This isn’t much of a surprise for anyone that manually updates all the SSL libs scattered around the drive, or keeps up-to-date with the latest codec builds.
Generally speaking dependency management is tricky business. We have services that are scanning our dependencies for known vulnerable versions like white source but even when a vulnerability is discovered it can take a while for it to be replaced with a secure version.
Even when that happens if the new version of the product requires a new payment then the user might not upgrade.

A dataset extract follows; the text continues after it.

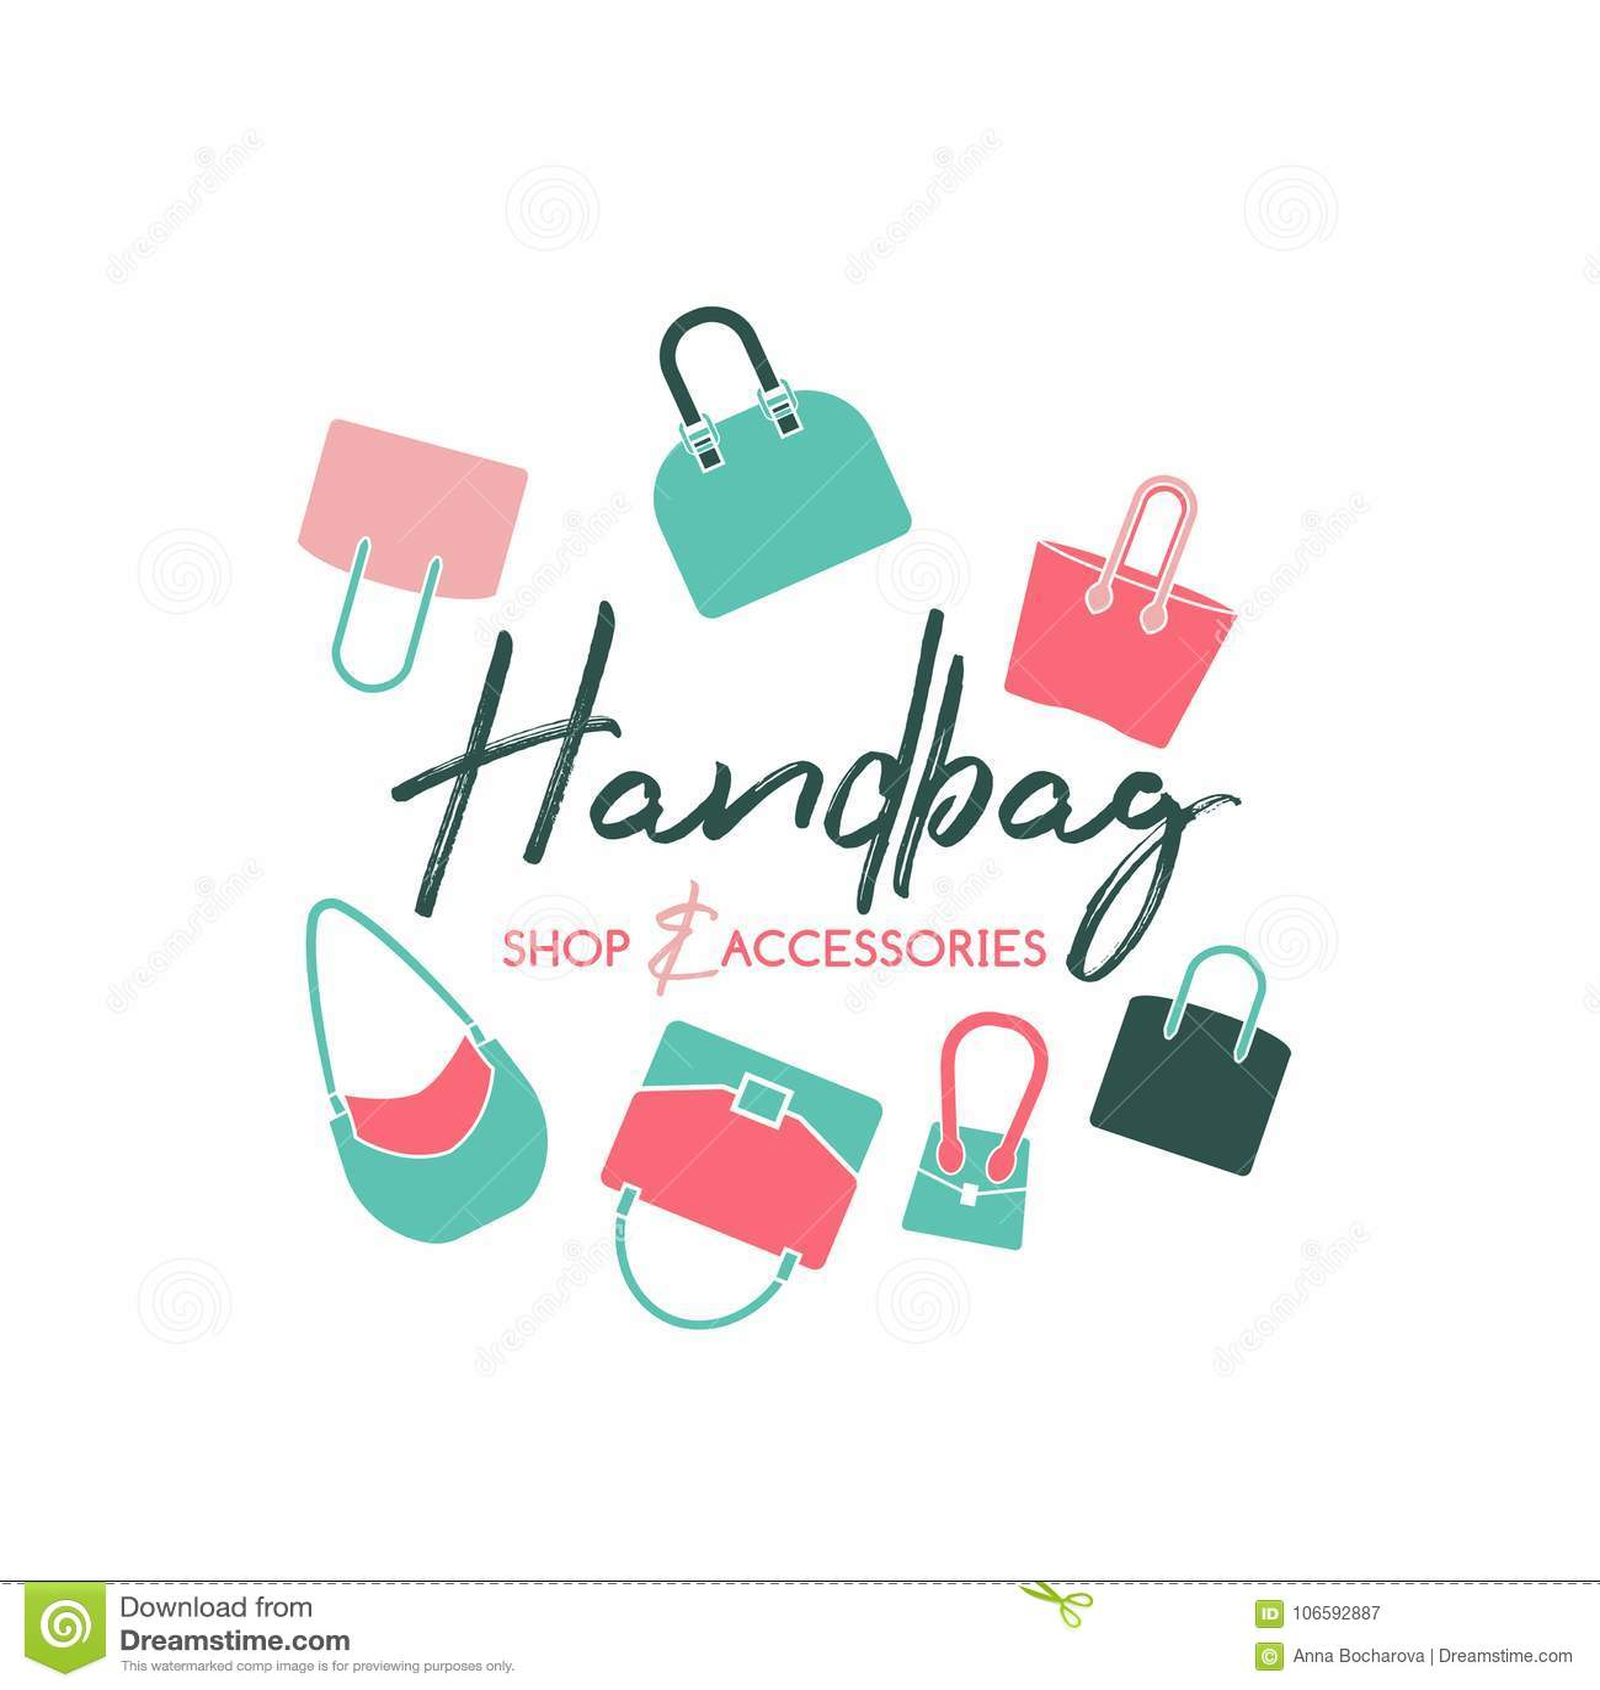 4021de5027 Handbag shop logo in a modern flat style. Vector illustration in pink

In thinking about this (having not yet read the linked articles) I think obsolete software is only a problem if it has a way to DIRECTLY interact with the user or the outside world. So for example it has to display an image from the users content and that image could be malicious and cause the program to misbehave. The lesson, then, as a software developer, is to absolutely limit unsanitized input (from the user or from the network) getting directly into borrowed code (code you didn’t personally write.) That, and having a plan to maintain your code, and ultimately to inform the user when you’ve stopped maintaining it and it’s become a hazard to them.

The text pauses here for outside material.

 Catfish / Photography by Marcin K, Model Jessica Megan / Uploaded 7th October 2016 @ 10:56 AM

Yes, but most of the software is internet facing stuff, like SSL. That is its primary job and if that has problems, like downgrade attacks or stack overflow problems then these are critical elements.
I used to use Secunia PSI (another important free security tool taken away from the public) to scan my system regularly as it would find various DLLs and EXEs I never thought to look for, because I didn’t know they were installed with something else.

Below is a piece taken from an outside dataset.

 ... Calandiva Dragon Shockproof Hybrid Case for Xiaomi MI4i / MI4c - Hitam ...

I didn’t know i had nodejs or that it was outdated.
OpenSSL I know to look for as it is omnipresent in so many folders over the years.
Unlike the Amiga OS other lesser OSs never seemed to grasp the idea of shared Libs living in a Libs folder and reducing pointless replication.
Due to the way Windows software often adds its own location as a PATH this makes the location searchable without trying, so you could easily write a piece of software that uses old OpenSSL exploits and not supply it with the lib, so it will load the first it finds in the ENV paths.
Few authors push a new build of their software when the crypto lib it uses gets an update. They wait until they have their own updates to push.
Even when the open-source code is still being maintained it is all too common to see it ignored when an update of the main software happens.
A shinnig example of that is NCH software. They produce front-ends for open-source code but reuse the same core components they first get, meaning they now still supply brand new commercial software with openSSL and Lame encoder from 2005, and other equally crusty files.
Their support page of downloads for the components is like a walk through an old cover CD for a PC magazine.
Some of the projects use builds new enough you can manually update the old files, but often they are so old you have to find the last supported build that the software will actually load. Bad news for the OpenSSL libs as the last version of 0.9.x is exploitable, but not so bad for the codecs.
Trillian used to use its’s own update system to update the individual libs as and when new versions came online.
I don’t understand why this is not seen as the standard way to get updates.
Downloading huge distros just because a few components have been changed is insanity in my opinion. We used to see hotfixes as a fairly common thing in the days of modems and pay-as-you-go internet, so it is not a radical new idea.
There’s nothing wrong with borrowing code, quite the opposite when it’s good. But you have to do it right and maintain it properly, either by fixing it yourself or relying on the third-party’s updates, which, unfortunately, might break your product.
It’s not easy, however, if you’ve decided this is the way to go, you need to consider all the costs. Unless all you wanna do is save money and time by neglecting the included code base. Well, it will backfire sooner or later. And I doubt you’d communicate that fact to your users.